Голос Игина становился то громче, то тише, но все равно не терял своего главного оттенка — вкрадчивости. Он осторожно передвигается по комнате, почти бесшумно. Меня не покидает ощущение, будто где-то за моей спиной ходит огромный кот, который вот-вот выскажет свое требовательное — мяур…
— Не обращайте внимания, я люблю ходить, когда говорю.
Игин не так прост и улыбчив, как может показаться. Он все видит. Он видит даже больше, чем нужно.
— Понимаю, так сразу нельзя, надо подумать…
— А что остается, — не слишком скрывая собственное раздражение, подтверждаю я.
Он прав, этот вкрадчивый Игин… В голове давно пульсирует навязчивая мысль. «Ребята остались одни, теряются в догадках. На ночь глядя вызывают не каждый день. И все-таки суть моего беспокойства дальше, за пределами рассерженных взглядов и десятка иронических реплик. Кто будет отвечать на те главные вопросы?»

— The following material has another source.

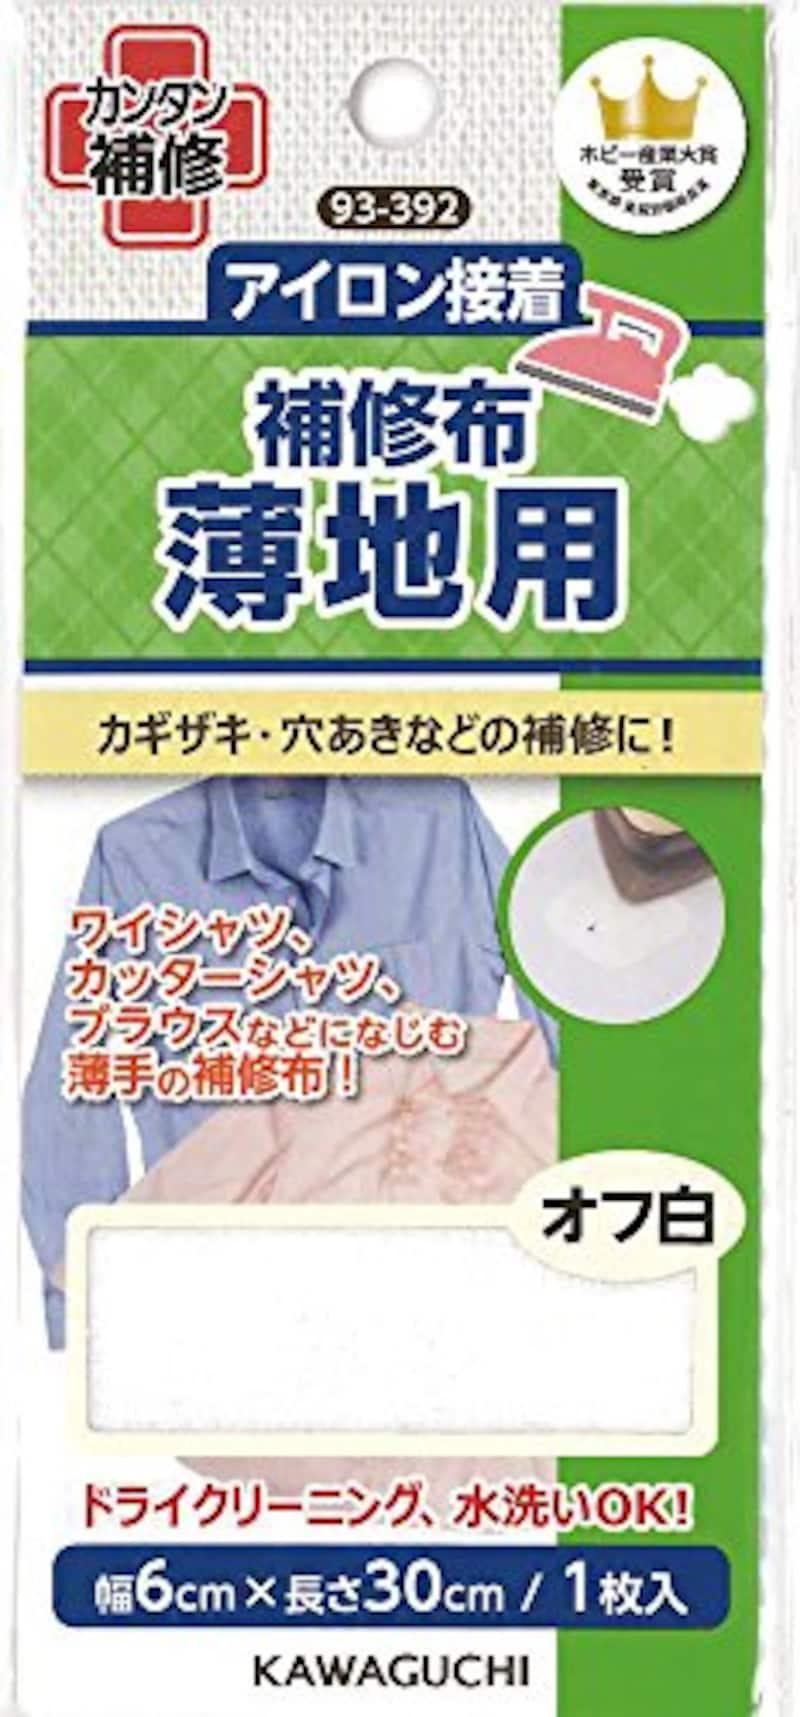 Kawaguchi(カワグチ),補修布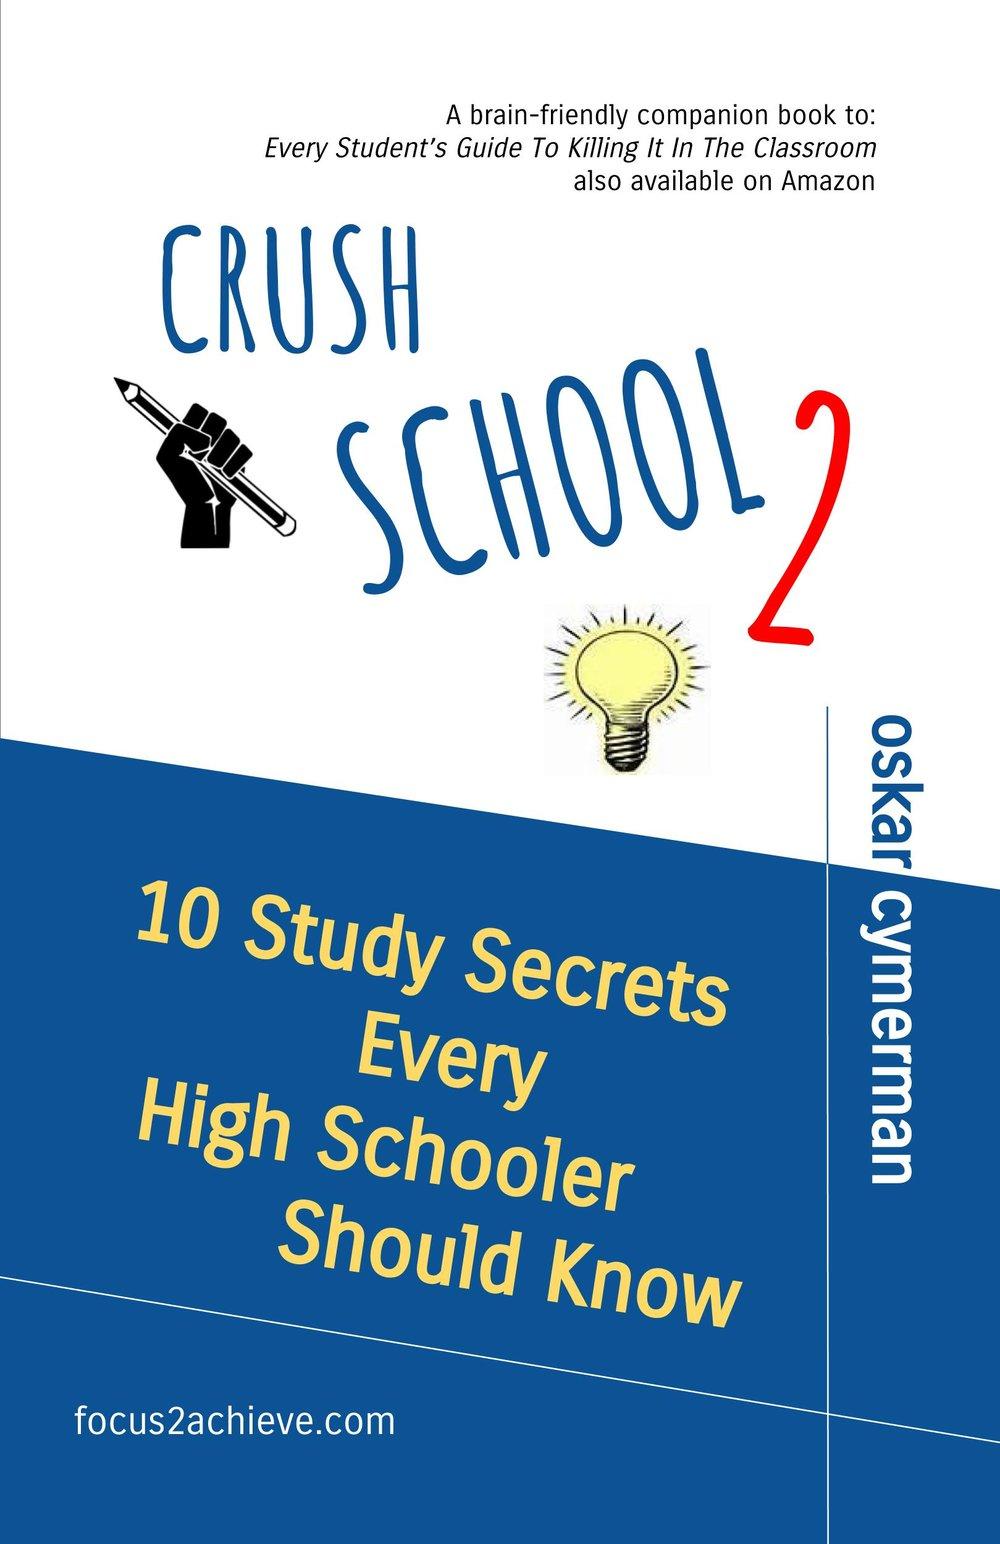 CRUSH SCHOOL 2 FREE EBOOK.jpg

— Сами, — словно в пустоту роняет Игин.
Очень некстати, но я вздрагиваю:
— Как вы сказали?
— Попробуйте решить все сами, попробуйте… Тельпугов — неглупый человек. Постарайтесь объяснить, как это все серьезно. Берегите самолюбие. На редкость взрывчатая смесь. Будьте осторожны. Без самолюбия человек ничто.
Я ухожу, Игин мягко жмет руку…
— Будут интересоваться, что и почему?
— Будут, — сокрушенно киваю я.
— Это хорошо, когда есть с кем посоветоваться.
Дверной замок приглушенно щелкает.
Вкрадчивый Игин остается за пухлой, серого дерматина дверью.
Дежурный щурится на свет.
— Позже не мог? — Он зевает.
— Не мог, — отвечаю я и тоже зеваю.
— Открывай тут всяким, — бормочет дежурный и снова валится на диван.
В комнате горит свет. Так и знал, никто не спит.
Мне не надо говорить — я пришел. Книги, словно по команде, грохаются на стол. Доброжелательность судьбы все-таки существует. Сережки дома нет. Иначе бы, забросив ноги на стол или спинку кровати, он торчал тут же.
Сашка достаточно наивен, чтобы стыдиться своей несдержанности.
— Это как понимать? Предписание врача, или ничто человеческое нам не чуждо?
— Как хочешь. У меня нет настроения шутить. Меня вызывал Игин…
— Игин! — Сашка растерянно отпускает простыню. Зрелище достаточно необычное. Дон-Кихот на медицинском осмотре.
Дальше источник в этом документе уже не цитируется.